Why 'Build It and They Will Come' Is the Most Dangerous Advice in SaaS

"Distribution beats product. I know that sounds wrong. But after watching dozens of brilliant SaaS products fail quietly, I'm convinced most founders have their priorities backwards."

Why it works

This insight reframes a core assumption many early-stage founders hold. It positions you as someone who's learned from the market — not just theory — and attracts engagement from founders who either strongly agree or want to challenge you, both of which expand your reach.

#8

7 Questions Every SaaS Founder Should Ask Before Signing Their First Enterprise Deal

"Our first enterprise deal nearly killed our startup. Not because the deal was bad — because we had no idea what we were agreeing to. Here's what I'd ask now."

Why it works

Actionable listicles with a strong story hook outperform pure how-to content. This post targets a high-stakes moment for B2B SaaS founders, making it highly shareable among founder communities and useful enough to save — boosting long-term visibility.

#9

Are You Building for the Customer You Have or the Customer You Want?

"Most early-stage SaaS founders I talk to are building for a dream customer who doesn't exist yet — while ignoring the ones already paying them. Are you doing this too?"

Why it works

This question triggers self-reflection and a binary response pattern — founders either recognize themselves in it or want to push back. Both drive comments. It also positions you as someone attuned to the real strategic traps in early-stage SaaS growth.

#10

Cold Outbound Is Dead for SaaS Startups. Personal Brand Is Your New Sales Team.

"I killed our cold email sequence six months ago. Our pipeline actually grew. Here's why building on LinkedIn replaced an entire sales motion for us."

Why it works

This directly challenges a sales tactic most early-stage founders still rely on, making it provocative and highly shareable. It also subtly demonstrates Remarkly's core value proposition — that LinkedIn presence drives real B2B pipeline — without sounding like an ad.

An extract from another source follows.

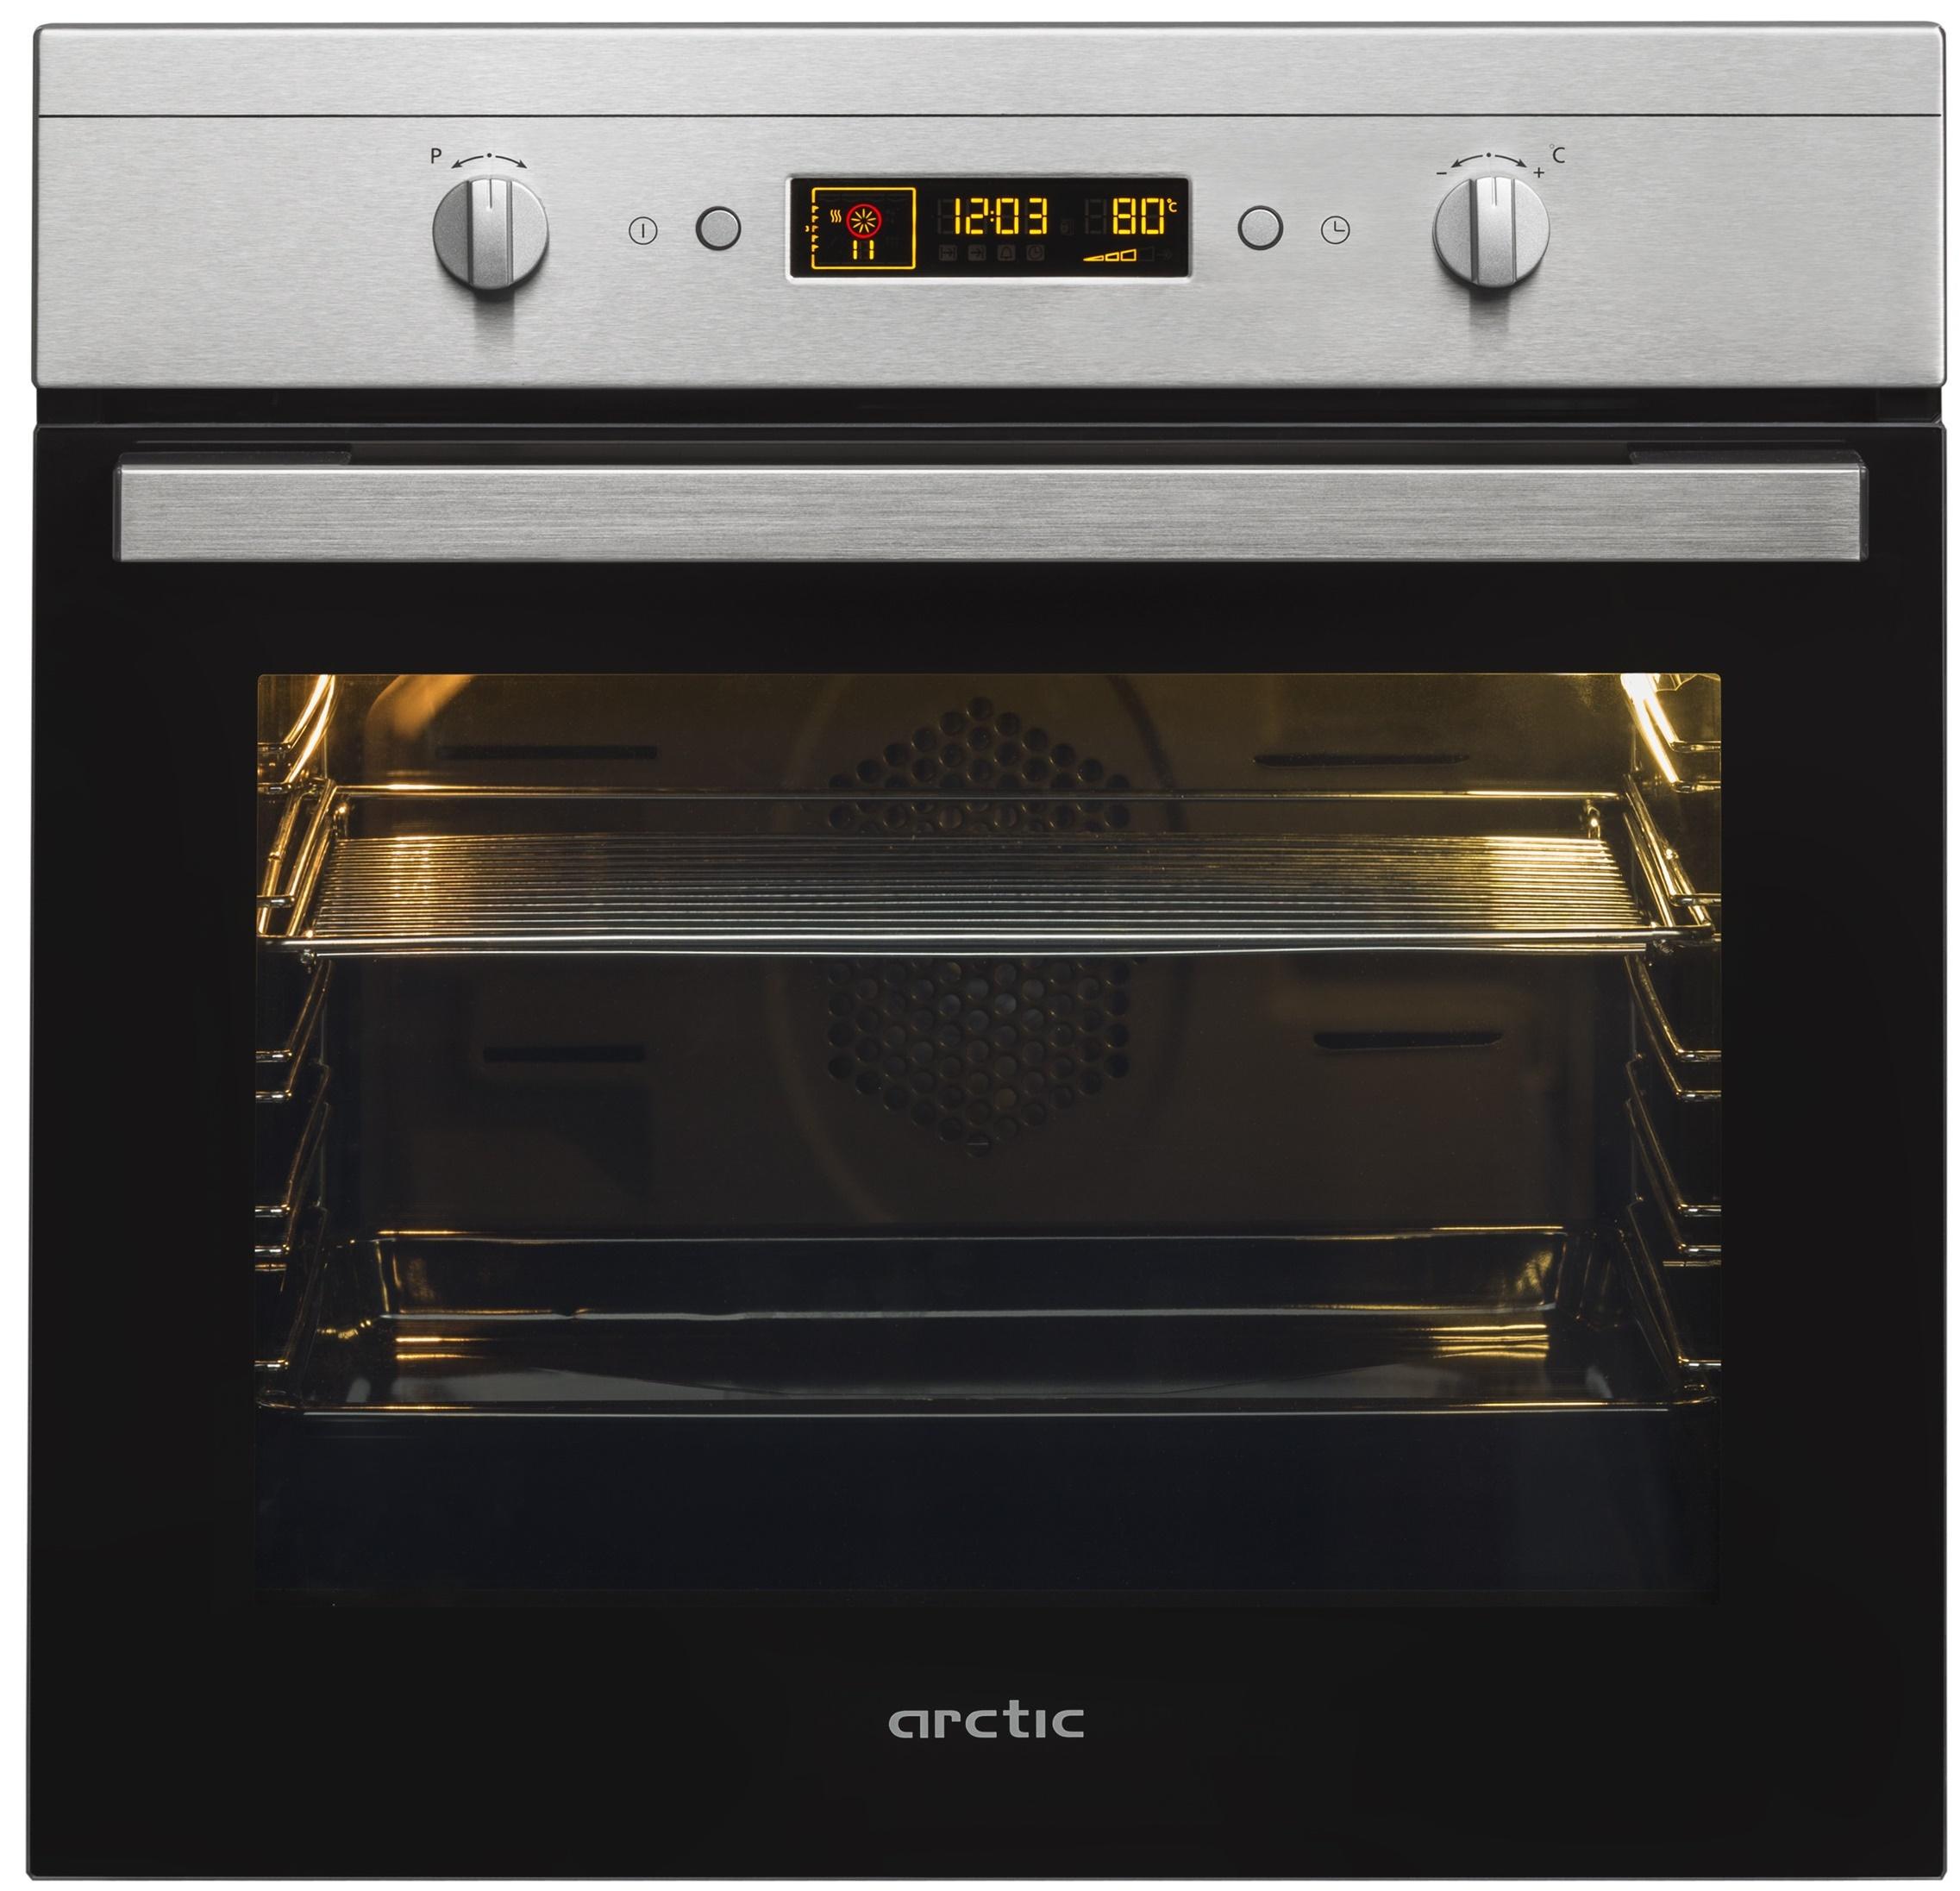 Cuptor incorporabil electric Arctic AROIM22500X, 71L, grill, negru si inox
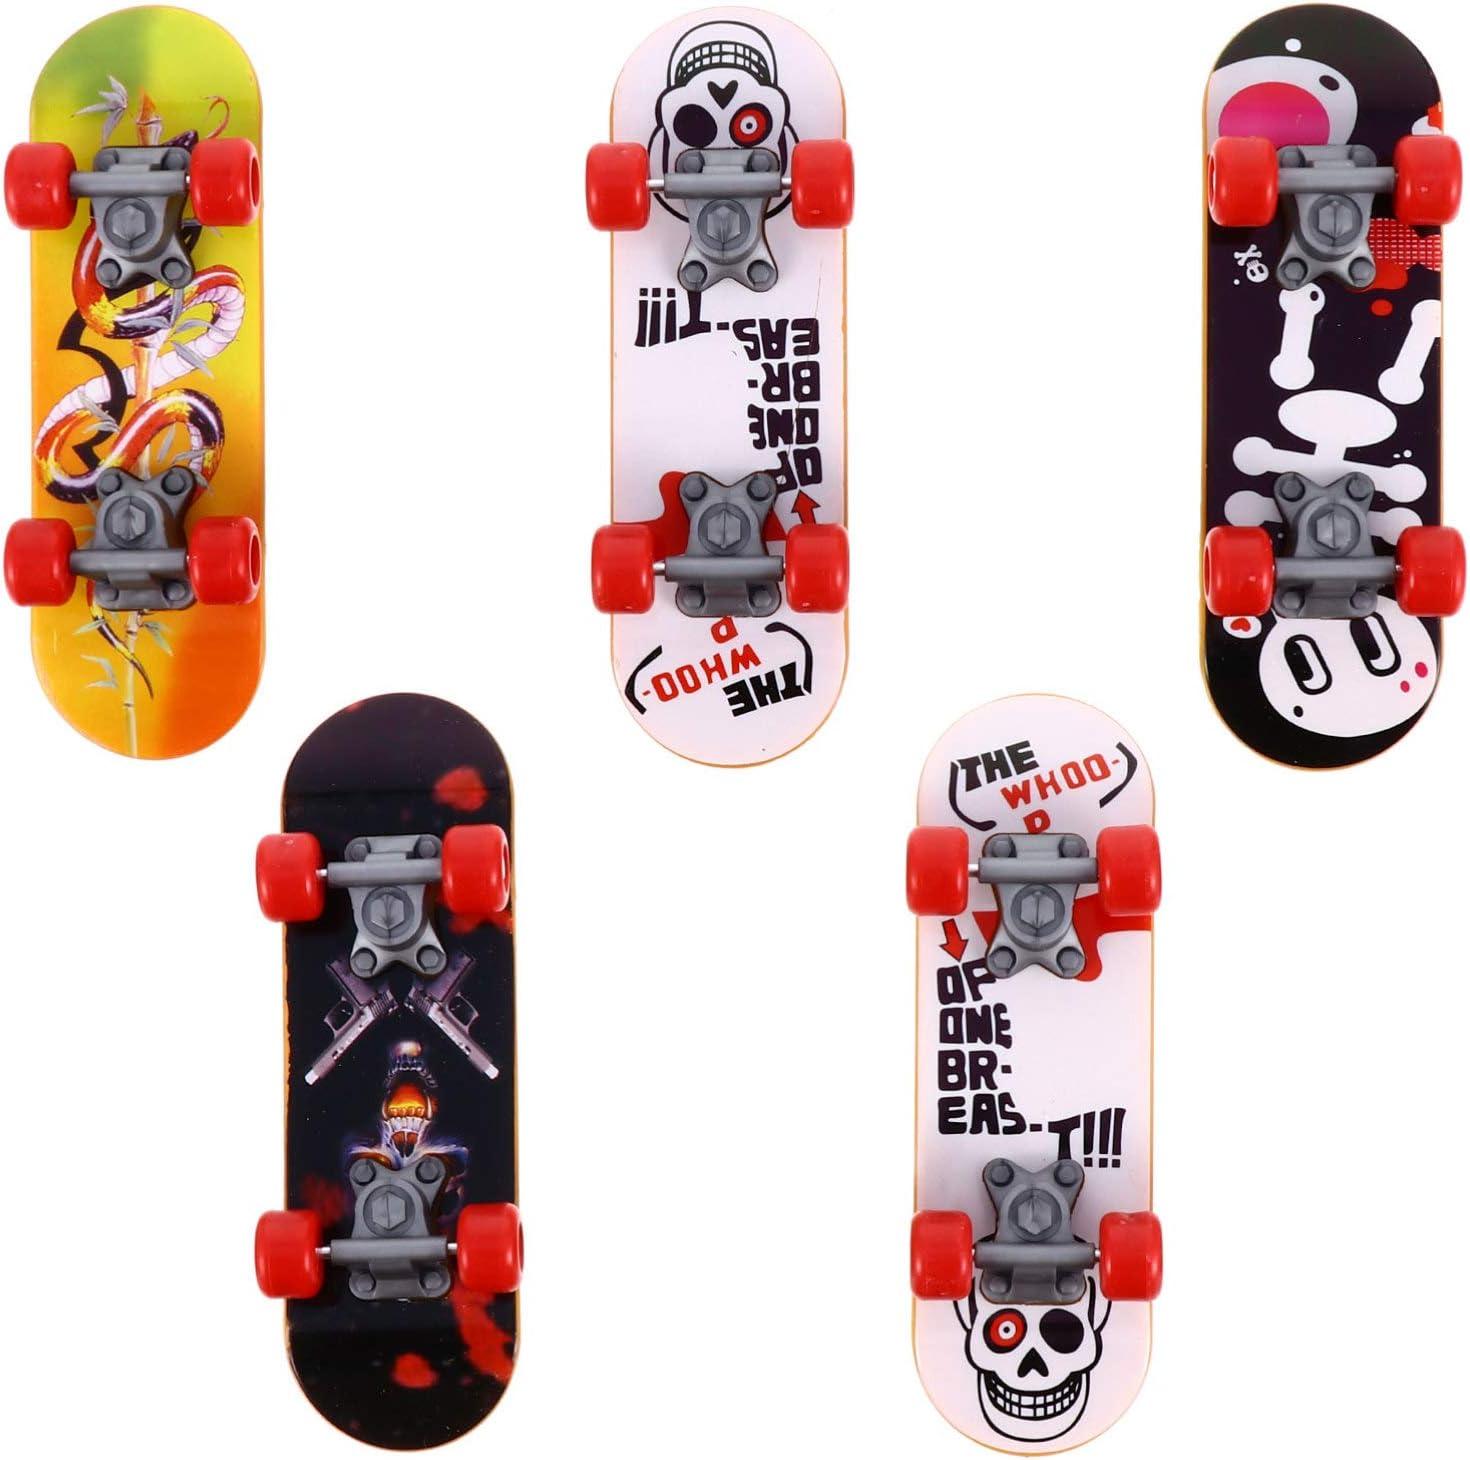 TOYANDONA 5pcs Finger Skateboards Mini Toy Free shipping New mart Fingerboards Fin

Engagement Tips for Executive Coaches

Comment within the first 30 minutes of posting to trigger LinkedIn's algorithm — your comment signals activity and pushes the post to more feeds. Use Remarkly to have a sharp, relevant comment ready before you even hit publish.

Don't just post and disappear. Reply to every comment in the first hour with a specific, thoughtful response — not just 'thanks.' This doubles your comment count and tells LinkedIn the content is worth distributing further.

Tag one or two people in your post only when genuinely relevant — a fellow founder who inspired the lesson, or a customer who lived the story with you. Forced tags hurt credibility; earned tags multiply reach.

End every post with a direct, single question. Not two questions, not a vague 'thoughts?' — one specific question that gives people an easy on-ramp to comment. Friction kills engagement, specificity drives it.

Use Remarkly to engage on high-traffic startup and SaaS posts before you publish your own. Being visible in active comment threads primes your network to engage when your content drops — it's the warm-up your posts need.